Secolo (Video) ▲ FBSoundcloud

domenica 3 novembre 2013

Bergamo Sottosuolo: La Nevicata dell'85 + Labradors, 9 Novembre @ Spazio Giovani Edonè, Bergamo

Si preannuncia un bell'inverno per Bergamo ma non certo per il clima. Allo Spazio Giovani Edonè riprende la programmazione di Bergamo Sottosuolo, cominciata con Ornaments e New Katana Theory lo scorso 12 Ottobre e che continua con il release party del nuovo album La Nevicata dell'85, Secolo, Paul Collins, OvO, Hungry Like Rakovitz e altri ancora. Non di sola nebbia vive l'uomo.


Sabato 9 Novembre

Giovedi’ 14 novembre

Sabato 14 Dicembre

Venerdì 27 Dicembre
Rockin’ Bonnie and the Mighty Ropers

lunedì 21 ottobre 2013

Brioscine appena sfornate: La Nevicata dell'85

Questo lunedì chiacchieriamo con Ivan Cortesi, Andrea Ardigò e Davide Catoggio detto Marra de La Nevicata dell'85 che ci raccontano per filo e per segno il loro nuovo album, in uscita domani per Fumaio Records e DreaminGorilla Records ma che già potete ascoltare nella nostra recensione pubblicata poco sotto. Sentimenti e sensazioni, scogli e montagne, tante vivide immagini del vissuto della band bergamasca che ha realizzato un piccolo capolavoro. Secolo.

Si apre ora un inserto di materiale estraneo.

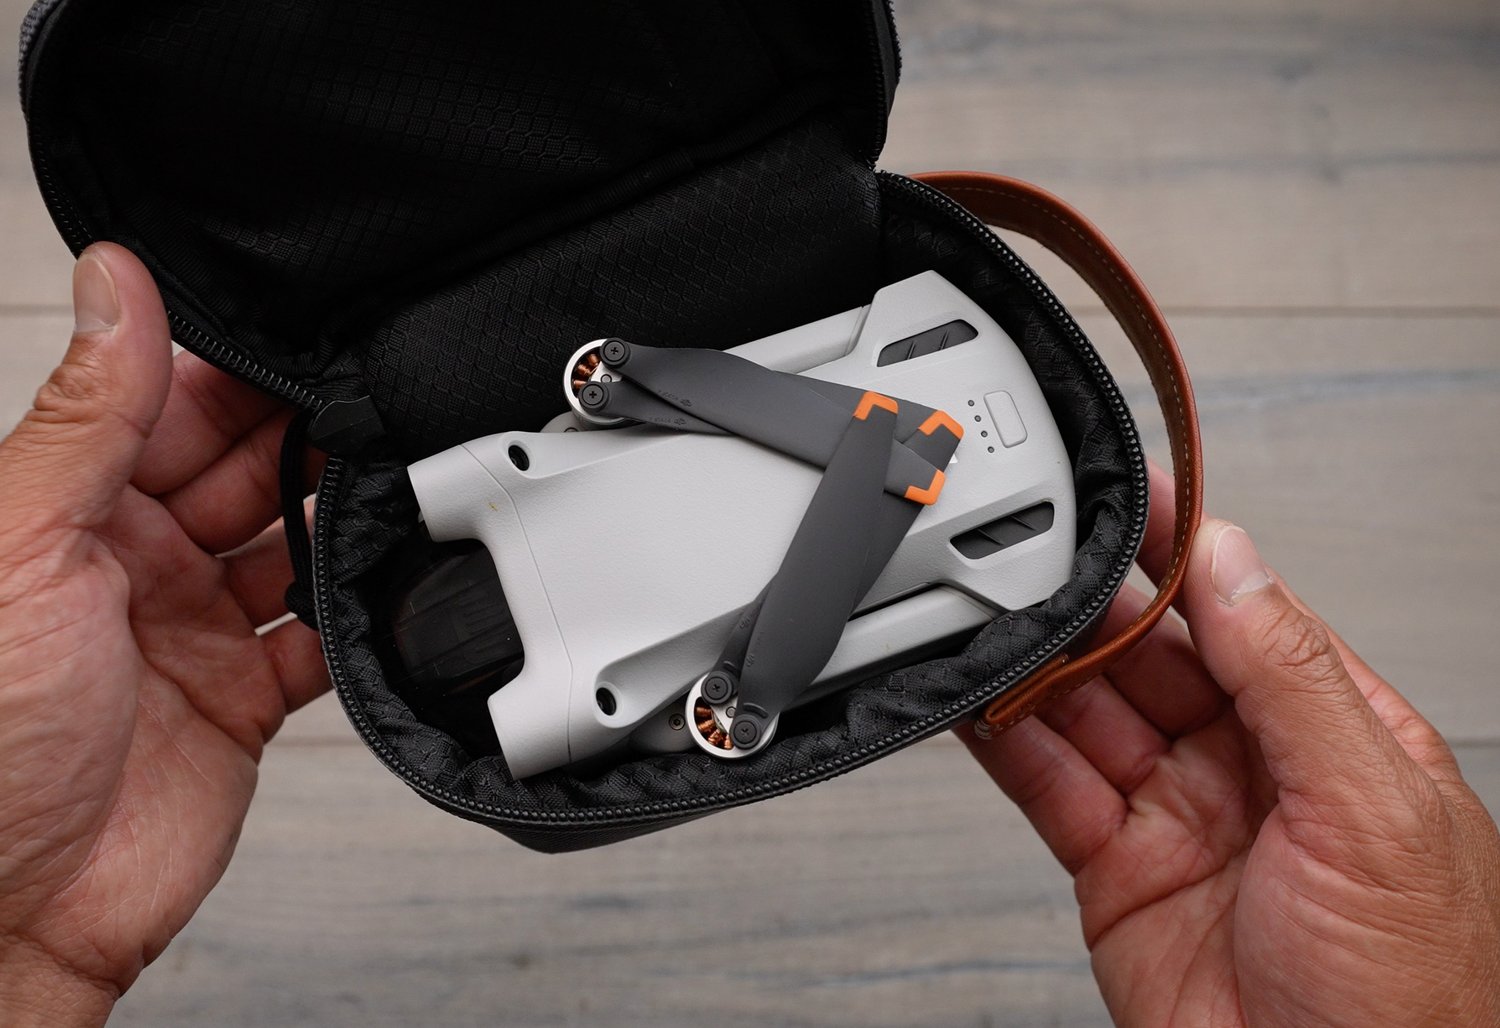  ProCase Carrying Case for DJI Mini 2 DJI Mini 2 Fly More Combo  and Accessories, Hard Shockproof Storage Travel Case with Shoulder Strap :  Electronics

Dopo l'urgenza del vostro primo disco, uscito nel 2011, il secondo capitolo de La Nevicata dell'85 arriva due anni dopo, con la dovuta calma. Cosa è cambiato e cosa racchiude musicalmente Secolo di diverso rispetto al vostro esordio?
Andrea: Il primo disco è stato fatto come dici tu, con urgenza ma che non vuol dire fretta. Avevamo il bisogno impellente di mettere sul piatto tutte le idee che ci frullavano per la testa, con impulsività e senza ragionarci troppo. Infatti in poco più di un anno abbiamo scritto dodici canzoni (due delle quali rimaste fuori dal disco). Secolo è stato fatto con più calma. In due anni abbiamo scritto otto pezzi, prestando attenzione ad alcuni particolari e facendo anche una sorta di pre-produzione casalinga per capire meglio le sensazioni che suscitavano in noi le canzoni. Cose che col primo disco non avevamo fatto.
Il contenuto musicale di Secolo credo non si discosti troppo da quello del primo disco. Siamo sempre noi tre con i nostri gusti, i nostri ascolti, il nostro approccio musicale sia come singoli individui sullo strumento, sia come gruppo nel comporre un brano. Lo "stile" nevicata credo si possa riconoscere in entrambi i dischi. Il fatto che Marra sia passato dal basso alla chitarra ha dato più libertà alla batteria, unico strumento ritmico rimasto. Poi il fatto che Ivan avesse già in testa il disco ancor prima di scrivere le canzoni ha dato un grosso contributo a rendere Secolo il disco che è.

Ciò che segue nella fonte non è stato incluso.